Nanette H. Bishopric, M.D., professor of medicine, pediatrics and pharmacology and Director of the UM Cardiovascular Genomics Laboratory, has been elected to the prestigious Association of University Cardiologists. Founded in 1961, the Association is limited to an active membership of 125 academic cardiologists who are selected for pioneering the course of research and training in cardiovascular disease in the United States.

“This is a tremendous honor and milestone achievement for an academic cardiologist,” Bishopric said. “It is a privilege to be in the company of so many highly successful and distinguished clinician leaders.”

As part of her membership, at the Association’s 53rd annual scientific meeting January 8-10 in Phoenix, Bishopric presented “Inhibitors and Effectors of Hypertrophy at the EP300 Node,” which reviewed her pioneering work on molecular mechanisms of heart growth and failure.

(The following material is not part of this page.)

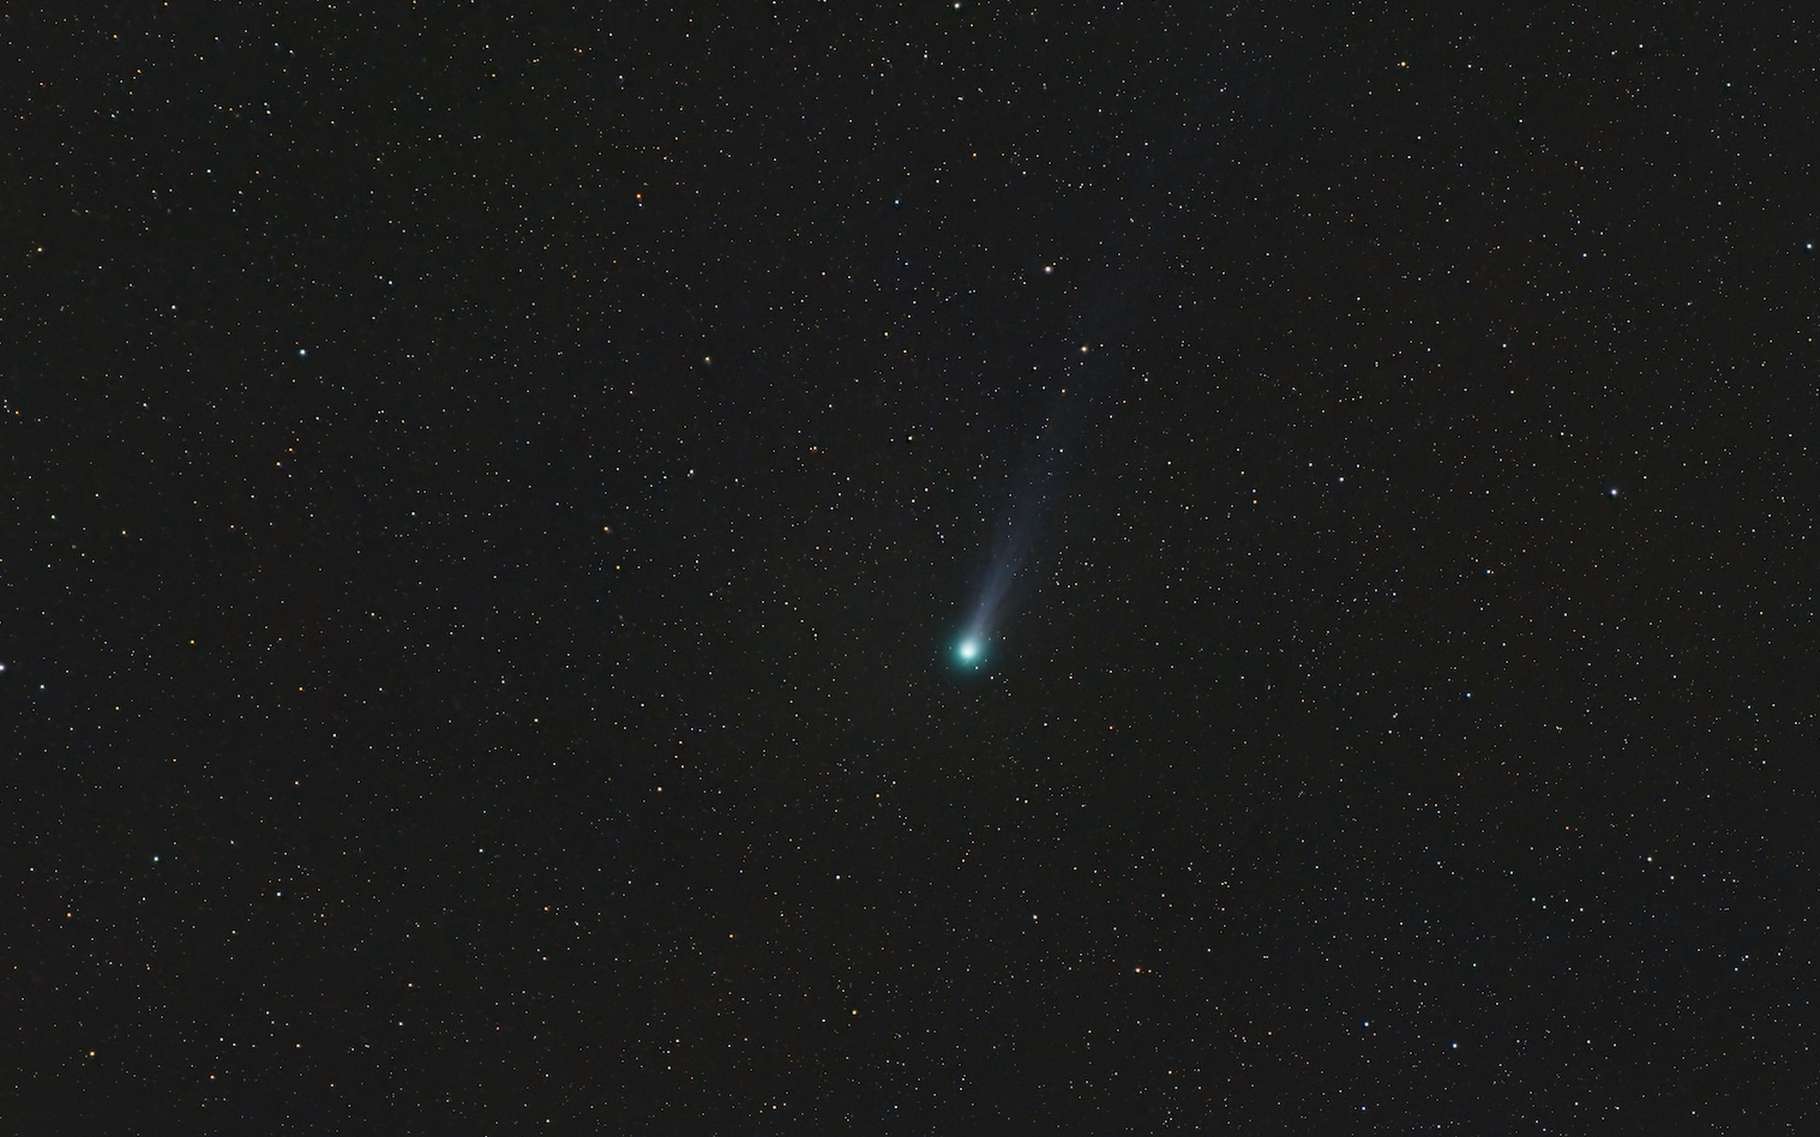 Cette comète pleine de surprises est visible le soir près de la grande galaxie d'Andromède

Bishopric joins only three other Miller School faculty members in the exclusive association: Pascal J. Goldschmidt, M.D., Senior Vice President for Medical Affairs and Dean of the Miller School and CEO of UHealth, Joshua M. Hare, M.D., the Louis Lemberg Professor of Medicine, founding Director of the Interdisciplinary Stem Cell Institute and Chief Science Officer at the Miller School, and Robert J. Myerburg, M.D., professor of medicine and physiology.

“The AUC has a numerical limit on membership, and election to the organization attests to the candidate’s standing in the field of academic cardiology,” said Myerburg, who sponsored Bishopric’s application. “It is based on the strength and volume of the candidate’s scientific and/or clinical contributions to the field. Dr. Bishopric was elected into the organization on her first nomination.”

A prolific physician and researcher who joined the Miller School in 1996, Bishopric has made major contributions to the field of cardiovascular disease. Her seminal findings have uncovered pathways for inhibiting cardiac hypertrophy, shedding light on the regulation of heart growth; improved knowledge of the role of cardiac apoptosis in understanding the pathogenesis of heart failure; revealed a predictor of stem cell efficacy in treating heart failure; and advanced medical understanding of the role of genetics in patients with torsades de pointes, a deadly heart arrhythmia.

In addition to being a fellow of the American College of Cardiology and American Heart Association, Bishopric is a member of the American Clinical and Climatological Association. She also received the “Stop Heart Disease” Researcher of the Year Award from the Florida Heart Research Institute in 2005, and in 2010 earned the Distinguished Scientist Award, one of the most prestigious awards presented by the American College of Cardiology.